On the bright side, 87% of Canadian CISOs – the most of any nationality – feel that employees understand their role in protecting their organization against cyber attack.
The report, which summarizes CISO survey data from 14 nations around the globe, “explores how CISOs are adjusting in the wake of pandemic disruption, adapting strategies to support long-term hybrid work and battling an increasingly sophisticated threat landscape,” as well as identifying elevated risk areas and exploring the changing role of the CISO as we emerge from the COVID-19 pandemic.

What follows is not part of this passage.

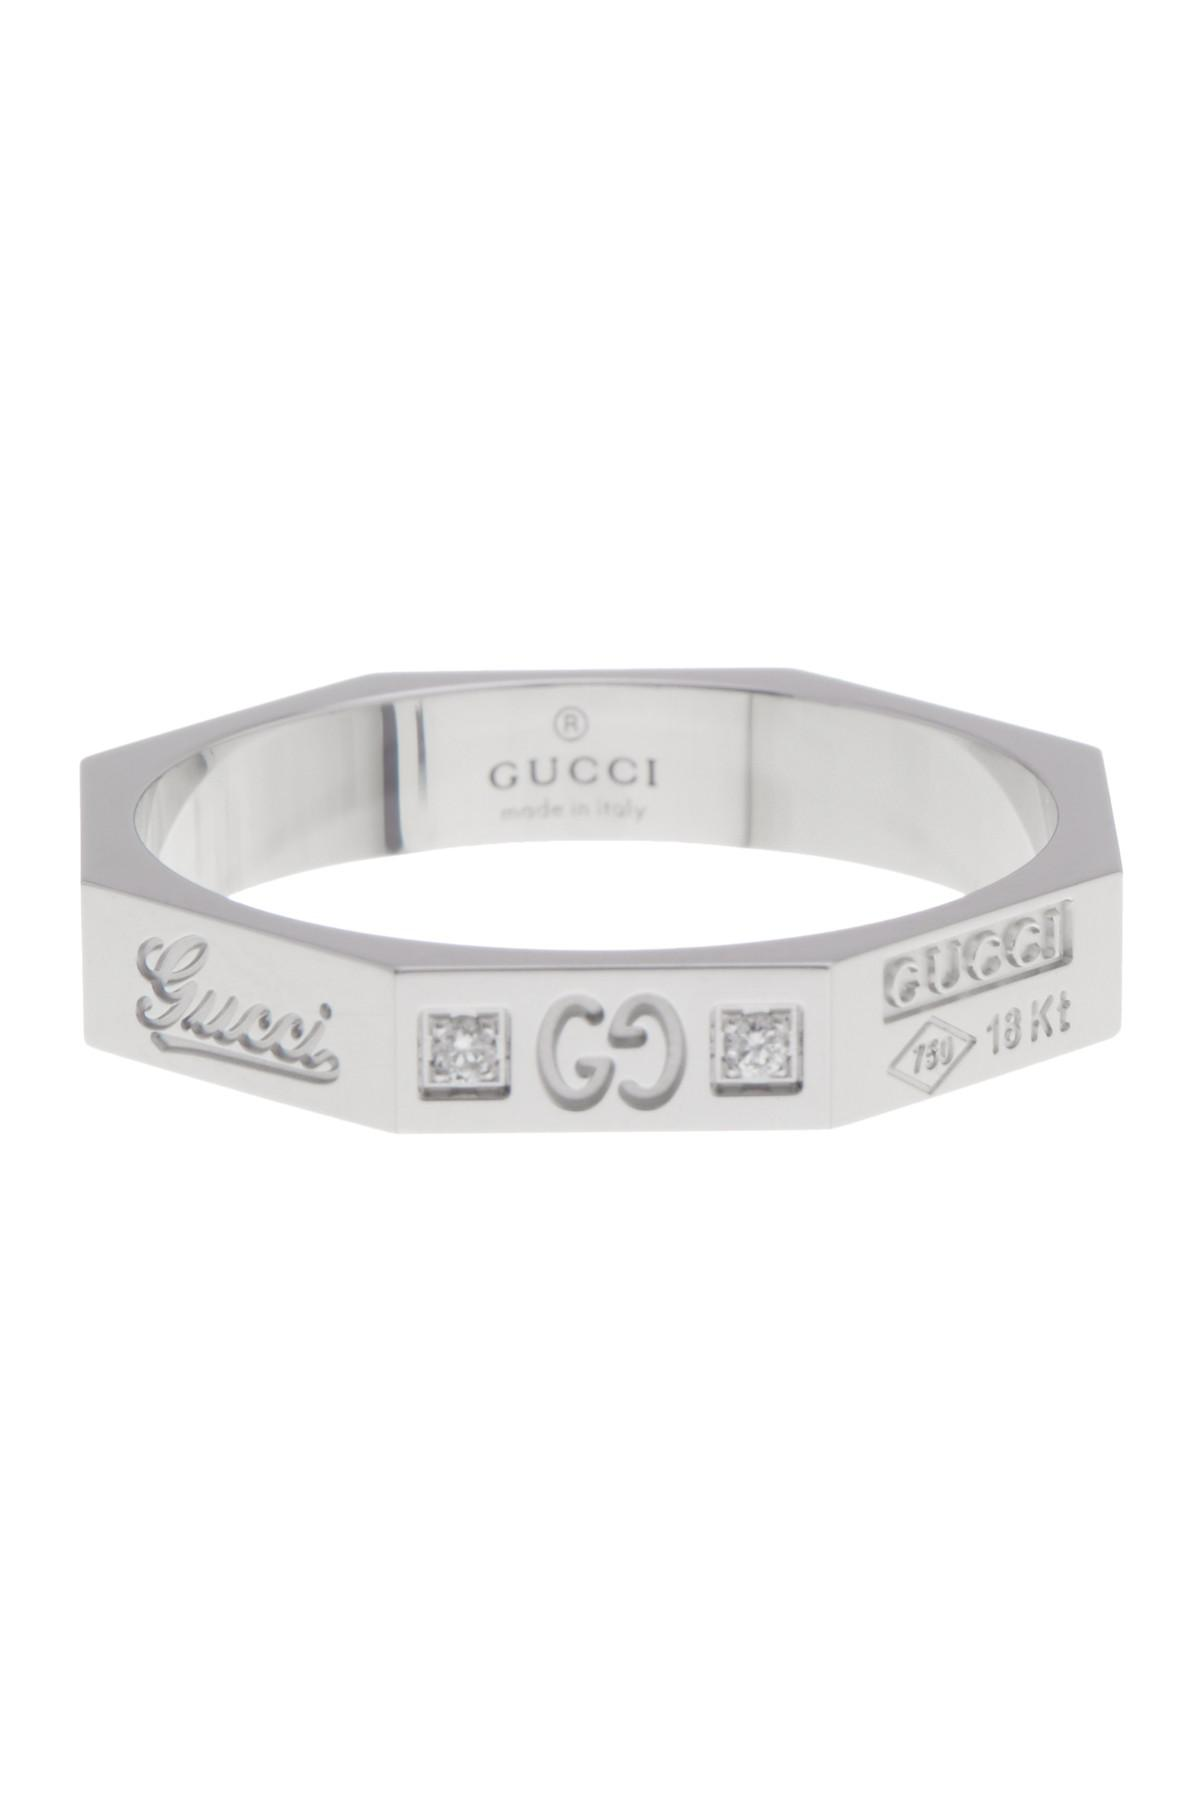 ae64f6ab7 Gucci 18k White Gold Otto Diamond & Logo Geo Band Ring - Size 8 in ...

FBI’s Internet Crime Complaint Center issues e-commerce site warning
The FBI has issued a flash warning, drawing attention to an e-commerce site compromise from January 2022 that they are concerned could be repeated elsewhere. The flash explains that “unidentified cyber actors unlawfully scraped credit card data from a US business by injecting malicious PHP Hypertext Preprocessor (PHP) code into the business’ online checkout page and sending the scraped data to an actor-controlled server that spoofed a legitimate card processing server. The unidentified cyber actors also established backdoor access to the victim’s system by modifying two files within the checkout page.”
The flash (coded MC-000170-MW) provides technical details including IOCs like malicious IP addresses, malware tools, and telltale code snippets that can help businesses improve their network defenses.
Organizations operating e-commerce sites are encouraged to inspect their systems for these IOCs, along with observing the list of best practices outlined in the flash bulletin. In particular, it is essential to implement isolated networks for these at-risk servers, and monitor them for unauthorized changes and access requests.